During the 2016-2017 school year, I.R.G. was in kindergarten at the Hepburn Lycoming Primary School. Id. at 163. I.R.G.'s kindergarten teacher, Ms. Pamela Nolan (“Ms. Nolan”), completed a teacher questionnaire in January of 2017. Id. at 163-170. The ALJ considered Ms. Nolan's statement that I.R.G. was below grade level in reading, language, and math; and had obvious to serious problems in the domain of acquiring and using information, and in the domain of attending and completing tasks. Id. at 31. The ALJ further considered that Ms. Nolan stated that I.R.G. had a slight problem in the domains of interacting and relating with others, had no problems in the domain of moving about and manipulating objects, and had no problem with the domain of caring for himself, other than an occasional problem with hygiene. Id. The ALJ gave partial weight to Ms. Nolan's opinions, reasoning that the portion of the questionnaire which dealt with the domain of acquiring and using information, and the domain of attending and completing tasks was not well supported by the evidence and therefore given limited weight. Id. The ALJ specifically gave limited weight to the portion of Ms. Nolan's opinion which stated that I.R.G. had serious impairment in the domains of acquiring and using information and attending and completing tasks, as discussed above, but gave significant weight to the portion that opined I.R.G. had no limitations or mild limitations in the remaining domains. Id.

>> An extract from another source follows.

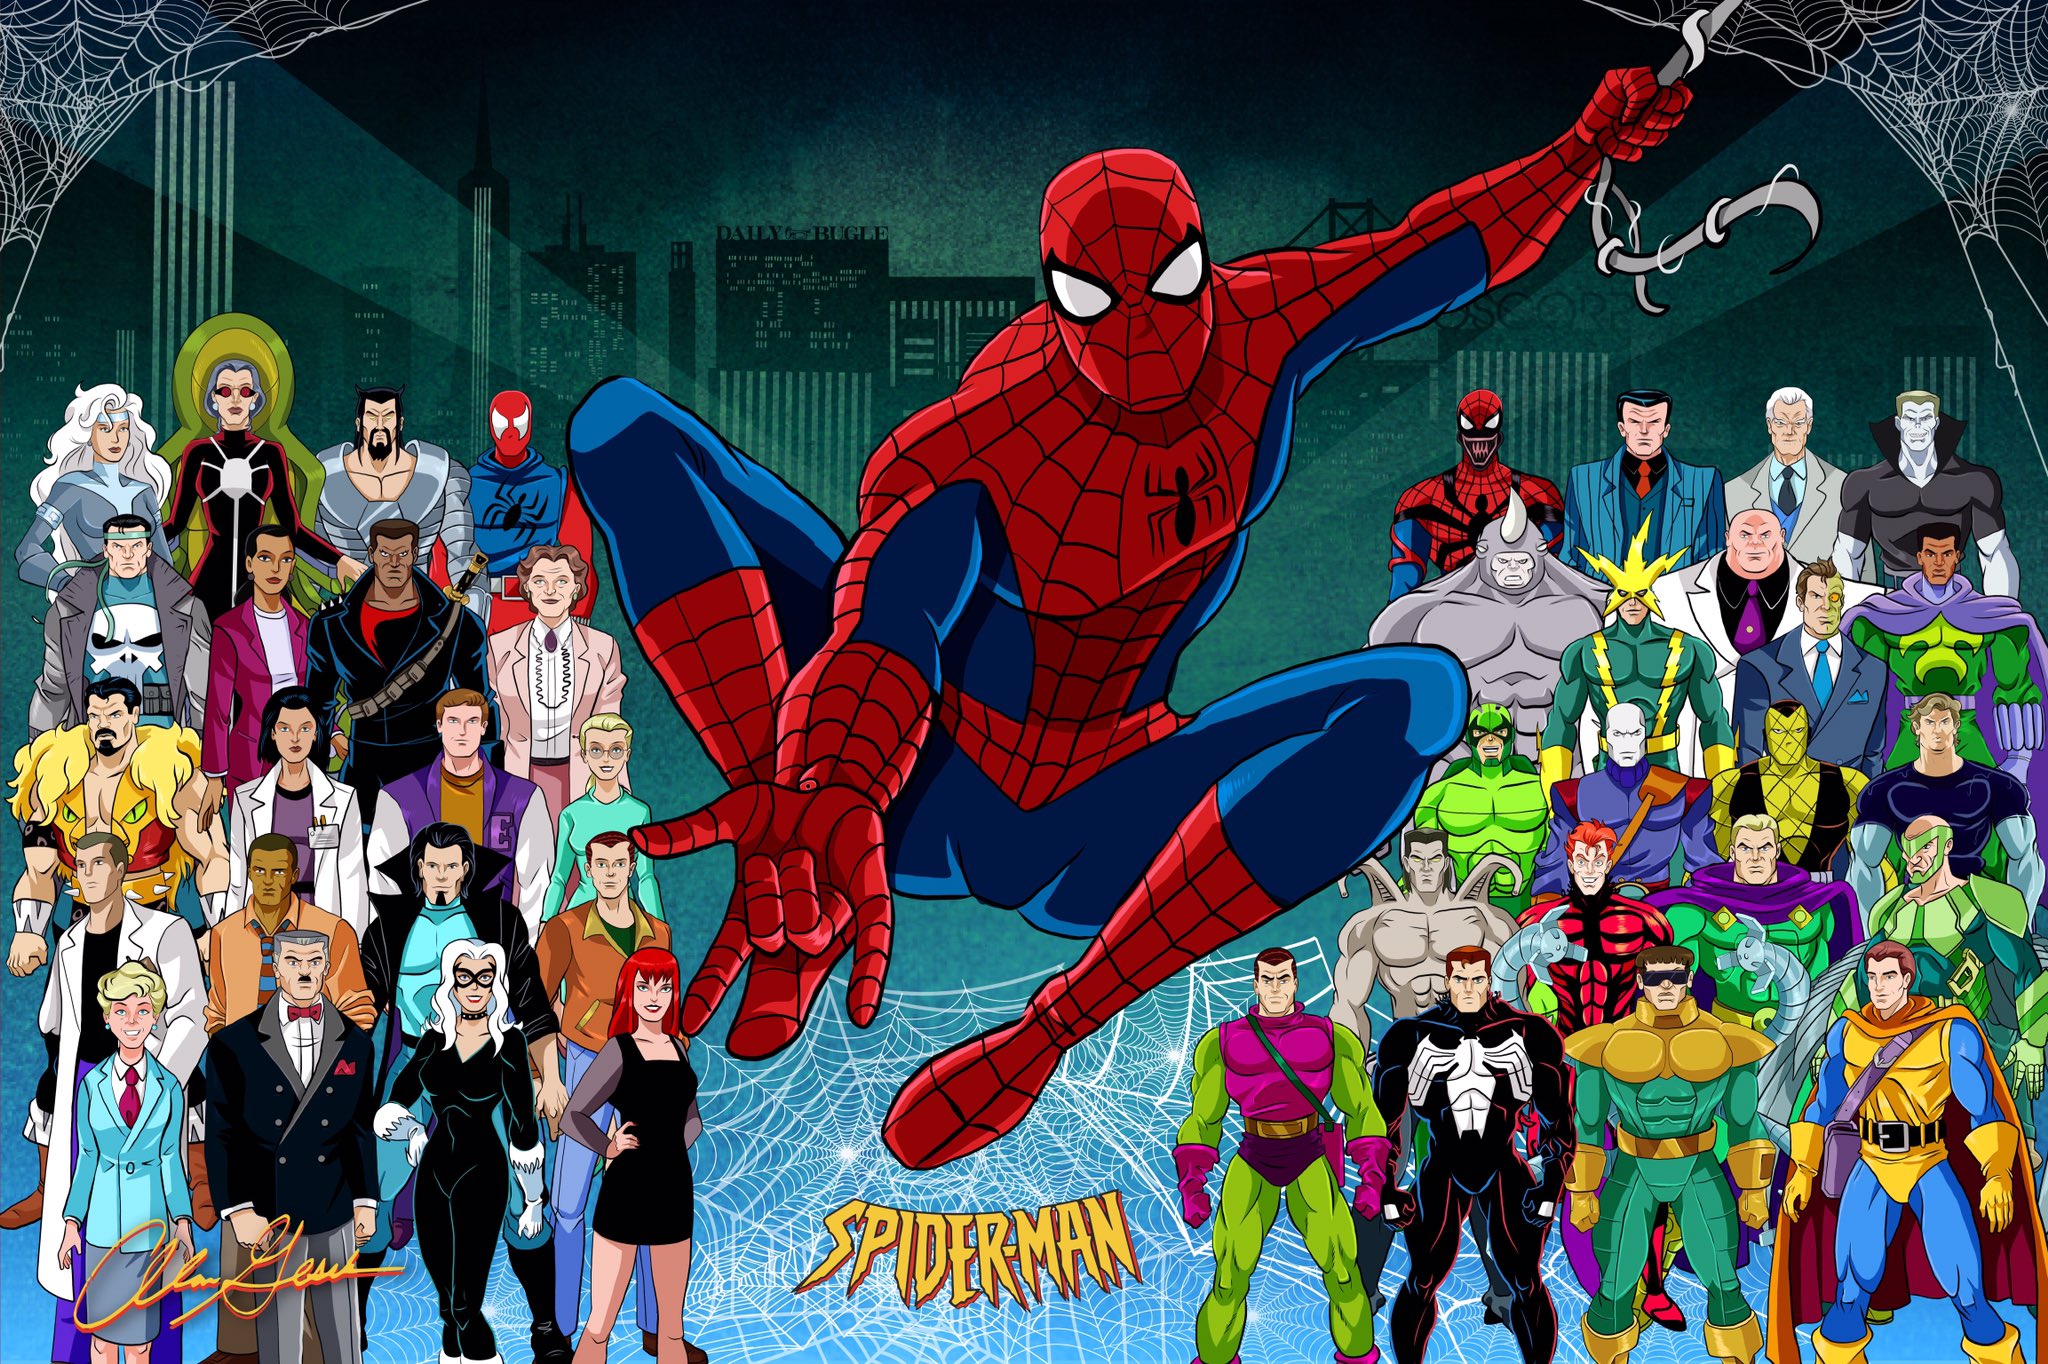 tv show, spider man: the animated series, aunt may parker, ben reilly, black cat (marvel comics), blade (marvel comics), carnage (marvel comics), doctor octopus, electro (marvel comics), green goblin, harry osborn, hobgoblin (marvel comics), j jonah jameson, kingpin (marvel comics), mary jane watson, morbius the living vampire, mysterio (marvel comics), peter parker, punisher, scorpion (marvel comics), shocker (marvel comics), silver sable (marvel comics), spider man, venom

The ALJ considered the consultative examination of Andrew Cole, Ph.D. (“Dr. Cole”), performed in February of 2018. Id. at 29-30. The ALJ noted that Dr. Cole found I.R.G. to be uncooperative, impulsive, and hyperactive; and found I.R.G. to exhibit impaired attention, concentration, insight, and judgment. Id. at 29. The ALJ considered that Dr. Cole found I.R.G. adequately groomed with adequate eye contact, a euthymic mood, intact recent, and remote memory as well as a goal-directed thought process. Id. The ALJ considered that Dr. Cole found an imbalance in I.R.G.'s relationship with his mother and recommended parent training and family therapy. Id. The ALJ further considered that Dr. Cole diagnosed I.R.G. with ADHD and ODD and indicated that I.R.G. had delays in the domain of acquiring and using information and the domain of completing and attending tasks and that I.R.G. had problems interacting and relating to others and in coping at an age-appropriate level. Id. at 29-30. The ALJ gave partial weight to Dr. Cole's opinions, reasoning that Dr. Cole assessed I.R.G. at a time when his doctors were noting an increase in his symptoms, which were later addressed with medication. Id. at 30. The ALJ reasoned further that Dr. Cole did not opine as to marked limitations and that examination revealed normal thought processes, memory, and mood. Id.
The ALJ next considered the letter submitted by I.R.G.'s psychiatrist, Ronald L. Pope, D.O. (“Dr. Pope”), of Diakon Family Life Services, which stated that I.R.G. was treated for learning disability and behavioral concerns. Id. The ALJ considered further that attached to Dr. Pope's letter was a questionnaire completed by I.R.G.'s mother and an ADHD symptom checklist completed by I.R.G.'s therapist, Sylvia Beneire, MS, which stated that I.R.G. displayed symptoms of ADHD most of the time, and in many areas. Id. The ALJ assigned Dr. Pope's letter little weight, reasoning that it was not supported by the attached questionnaires and that it was not consistent with the record, which indicated conservative treatment and management of symptoms with medication adjustments. Id.
The ALJ considered the opinion of the State agency consultant, William Anzalone, Ph.D., ("Dr. Anzalone") of February 2017, which found that I.R.G. had a less than marked limitation in all domains, but for the domain of moving about and manipulating objects, in which he had no limitation. Id. at 31-32. The ALJ gave Dr. Anzlaone's opinions significant weight, reasoning that it was supported by the record both before and after Dr. Anzalone's opinion. Id. at 32.
The ALJ also evaluated whether I.R.G.'s limitations were functionally equivalent to the listings. Id. at 32-39. In evaluating the six domains, the ALJ found that, during the period relevant to his childhood-disability application, I.R.G. had: less than marked limitations in acquiring and using information; less than marked limitations in attending and completing tasks; less than marked limitations in interacting and relating with others; no limitation in moving about and manipulating objects; less than marked limitations in the ability to care for himself; and less than marked limitations in health and physical well-being. Id. Based on these findings, the ALJ found that I.R.G. was not disabled, as defined by the Social Security Act. Id. at 39-40.
V. Discussion.
On appeal, Grossnickle presents a meandering argument that challenges the ALJ's decision under a descriptive heading that the ALJ failed to assess whether the minor child had a condition at the extreme level that would satisfy the “B criteria” listings. Doc. 12 at 4. The Commissioner acknowledges that the ALJ failed to adequately explain his reasoning in finding that I.R.G. did not have an extreme limitation that would satisfy the B criteria, such that this court could conduct a meaningful review. Doc. 15 at 14-16. Additionally, the Commissioner acknowledges that interspersed in Grossnickle's argument, regarding the “B criteria” of the listings, is a separate contention that the ALJ improperly weighed opinion evidence and erred in giving greater weight to the opinions of the State agency analyst. Id. at 22.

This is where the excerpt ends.